В 1905 году судьба нанесла новый удар и дала новый шанс. Прасковья вновь оказалась в положении. Но на этот раз она поступила иначе. Она уехала рожать не в Саратов, а в Москву, подальше от его влияния. А когда родился мальчик, которого она назвала Владимиром, сердце ее не выдержало.

Павел Семенович, как обычно, ждал известий. Он надеялся, что все «образуется» само собой. Но Прасковья вернулась одна. Без ребенка.

— Где мальчик? — спросил он, пряча глаза.

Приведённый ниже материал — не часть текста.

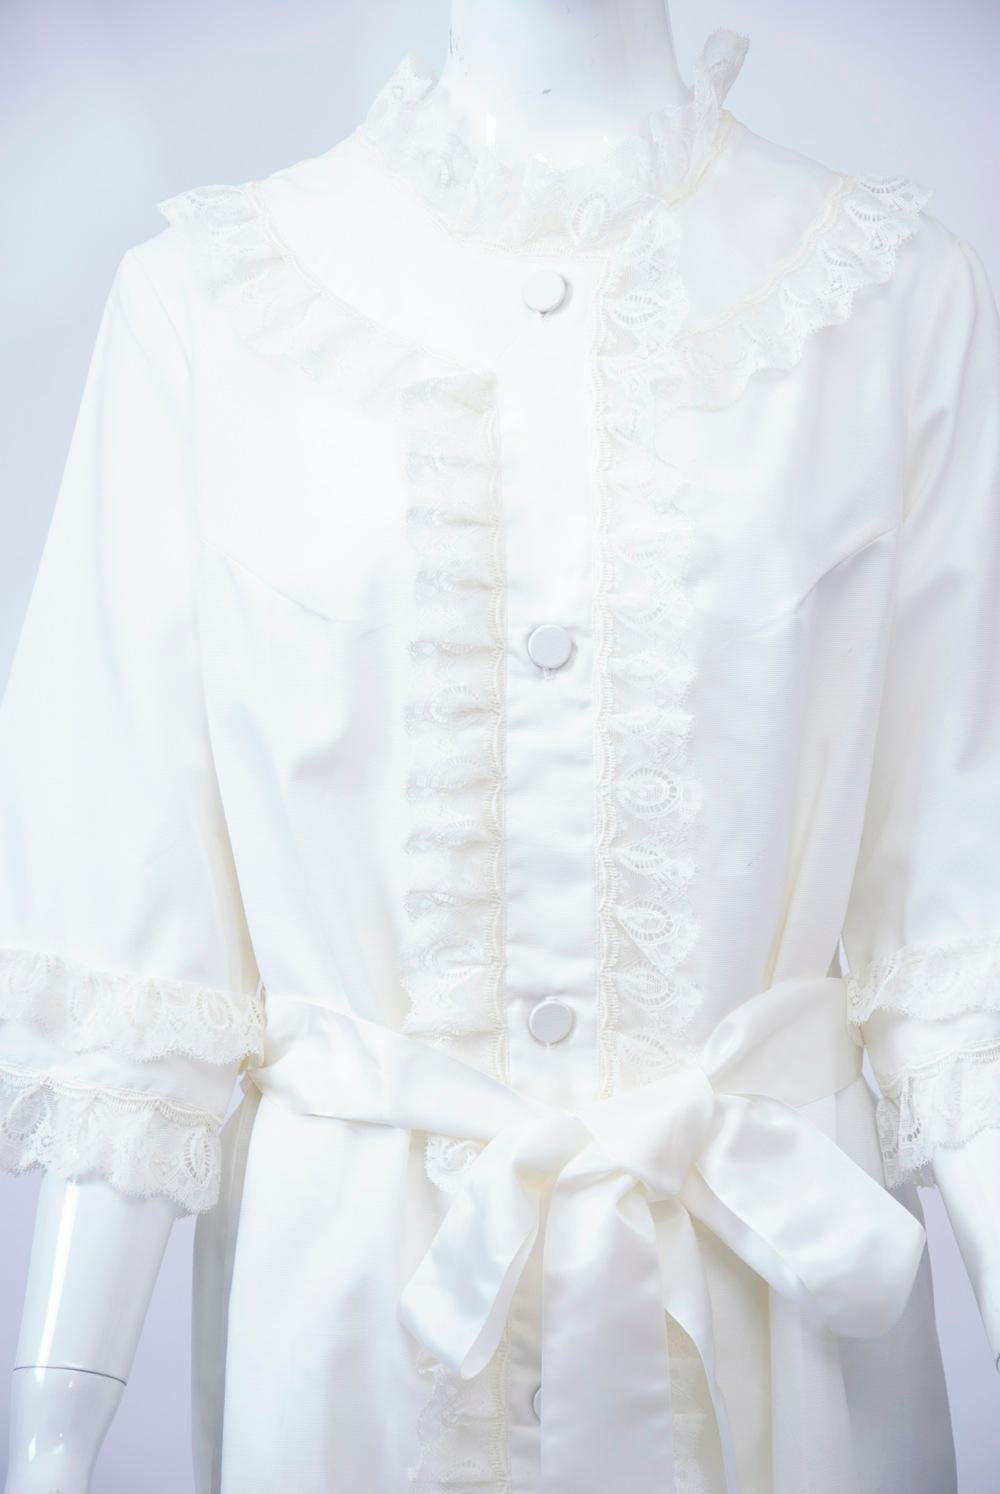 Vintage white lightweight robe by Christian Dior featuring lace trim around all edges and along yoke and button-down placket. The robe also boasts elbow-length sleeves, self buttons down the front, and a satin sash to finish it off. Approximate size

— В Кашире. У пожарника. Хорошие люди, не обидят, — отрывисто бросила она, принимаясь перебирать белье в шкафу, чтобы не смотреть на него. — Я буду платить им. Ты дашь денег.

Он облегченно вздохнул. Опять обошлось. Скандала не будет. Пашенька все устроила сама, как всегда. Но он ошибался.

Слева — Владимир, сын Прасковьи и Павла Семеновича
Слева — Владимир, сын Прасковьи и Павла Семеновича

Прошло восемь лет. Владимир рос в Кашире, у чужих людей, и лишь изредка мать могла тайком навестить его. Прасковья Михайловна старела. Ей шел тридцать седьмой год. Однажды, вернувшись от акушерки, которая подтвердила ее очередную беременность, она вдруг остановилась посреди гостиной и посмотрела на Павла Семеновича так, что тот поперхнулся чаем.

— Ну, что скажешь, Павел Семенович? — спросила она ледяным тоном. — Куда на сей раз повезем? В тот же приют, али новый подыщем?

— Паша, полно... мы обсудим... — забормотал он.

— Обсуждать нечего. — Она подошла к столу и села напротив, впившись в него глазами. — Я устала. Мне тридцать семь. Я хочу родить этого ребенка и не прятать лицо. Хочу забрать Володю от чужих людей. Хочу жить не тайной наложницей, а женой. Либо завтра ты едешь подавать прошение о браке, либо я собираю вещи и ухожу. Навсегда. И тогда все твои тайны станут достоянием публики. Выбирай.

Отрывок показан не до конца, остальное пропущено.